The Greek people have “elected a bunch of lunatics,” according to Ryanair boss Michael O’Leary. The entrepreneur’s budget airline has invested heavily in routes to Greece, flying into eight airports across the country and its islands, and the company is currently growing strongly in the popular tourist destination, the Irish Examiner has reported.
Ryanair is currently in talks with the Greek government about carrying passengers free of charge on Greek domestic flights for the next two weeks, as people are currently unable to use credit cards to book flights, thanks to the ongoing financial crisis affecting the country.
Mr O’Leary said that he thinks the situation is “a tragedy”, but has called the Greek government “lunatics.” He added that he hopes the country will get away from austerity soon.
“We’re one of the largest investors in Greece at the moment, we’re one of the few European companies that’s actually growing strongly in Greece,” he said.
“The difficulty we have in Greece, particularly on domestic flights, is that people don’t have credit cards, they’re not able to make payments.
“I mean, we’re actually talking to the Greek government today about carrying people for free for the next two weeks on some of the domestic routes.
“The Greek situation is a tragedy, but, you know, the difficulty for the Greeks is that they’ve elected a bunch of lunatics.”
Speaking of the Greek economy, O’ Leary told Newstalk’s The Right Hook: “There is a fundamental problem in Greece that 52 per cent of households in Greece depend on pensions as their main source of income but only 11 per cent of Greek people pay tax.’
“Now that’s a circle you’re never going to close, more Greeks have to pay tax, you have to close off the black market and less Greeks have to be able to live off pensions….You can’t have an economy that functions that way,” he added.

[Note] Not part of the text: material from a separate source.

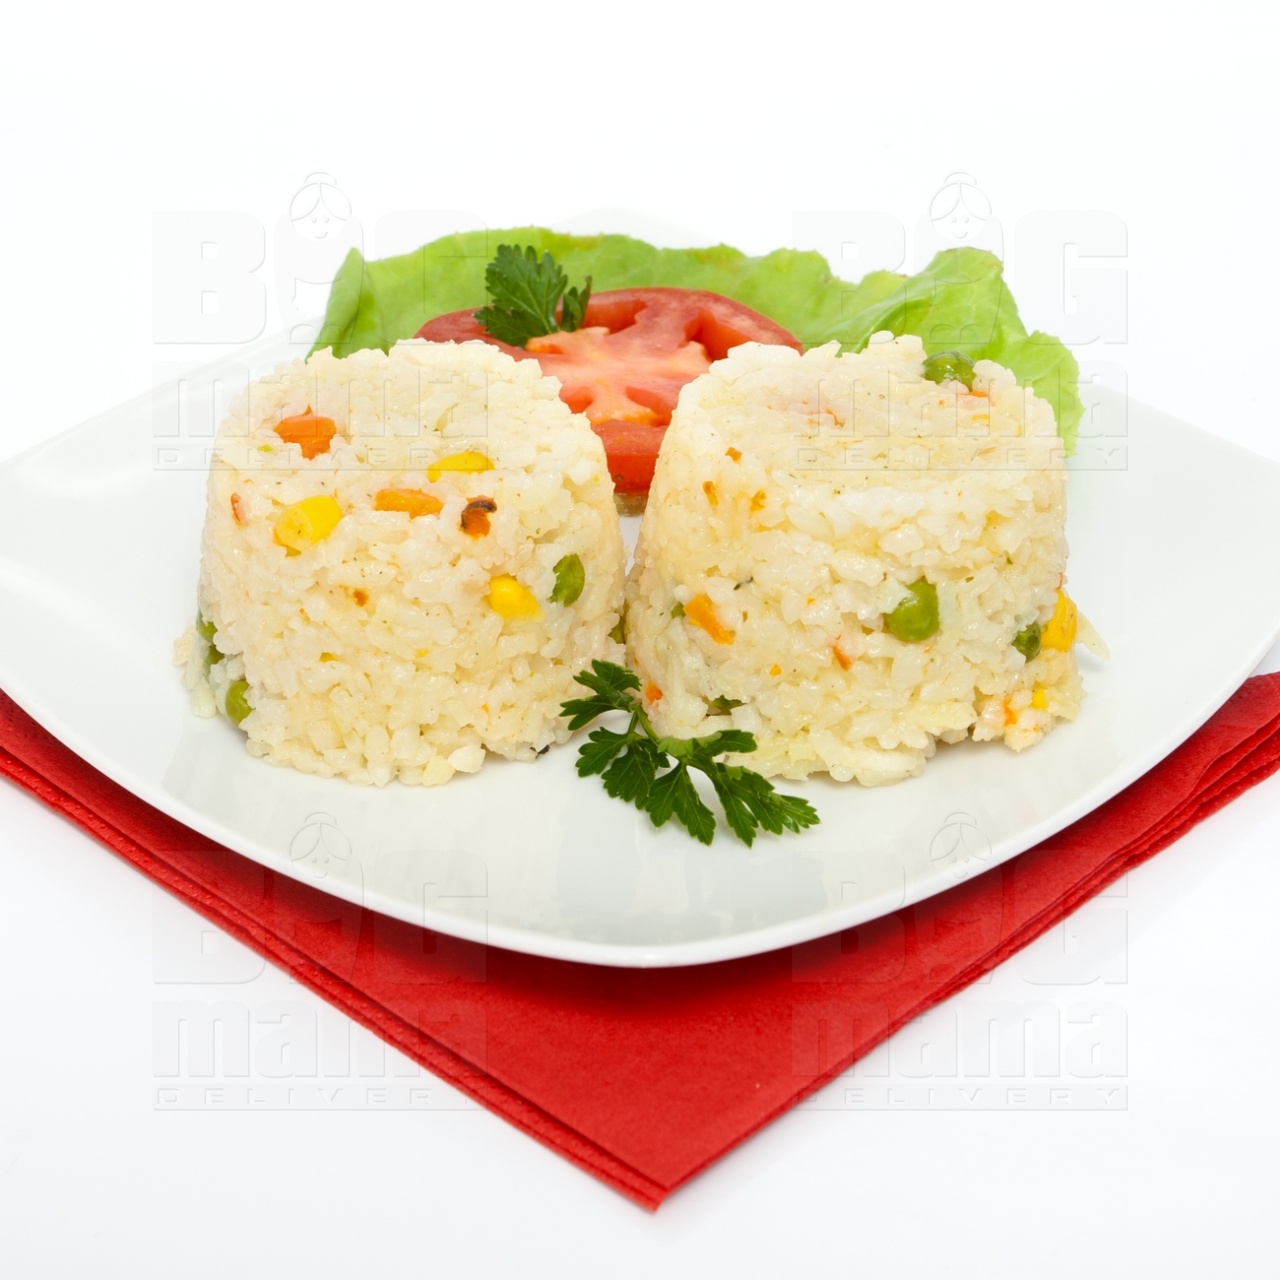 Product #38 image - Rice with vegetables

“More people have to be productive, yes elderly people and young people need help. If you are of a working age, go out and work…You can’t be bloody retiring, sitting in a cafe drinking coffee and expecting the Germans or the Irish or the Portuguese to pay for you,” he went on to say.
Greek ministers are currently racing to put together a proposal to take to their creditors tomorrow morning, or risk being ejected from the Euro. Creditors will review their proposal, which are expected to include tax and pension reforms, ahead of a meeting scheduled for Sunday.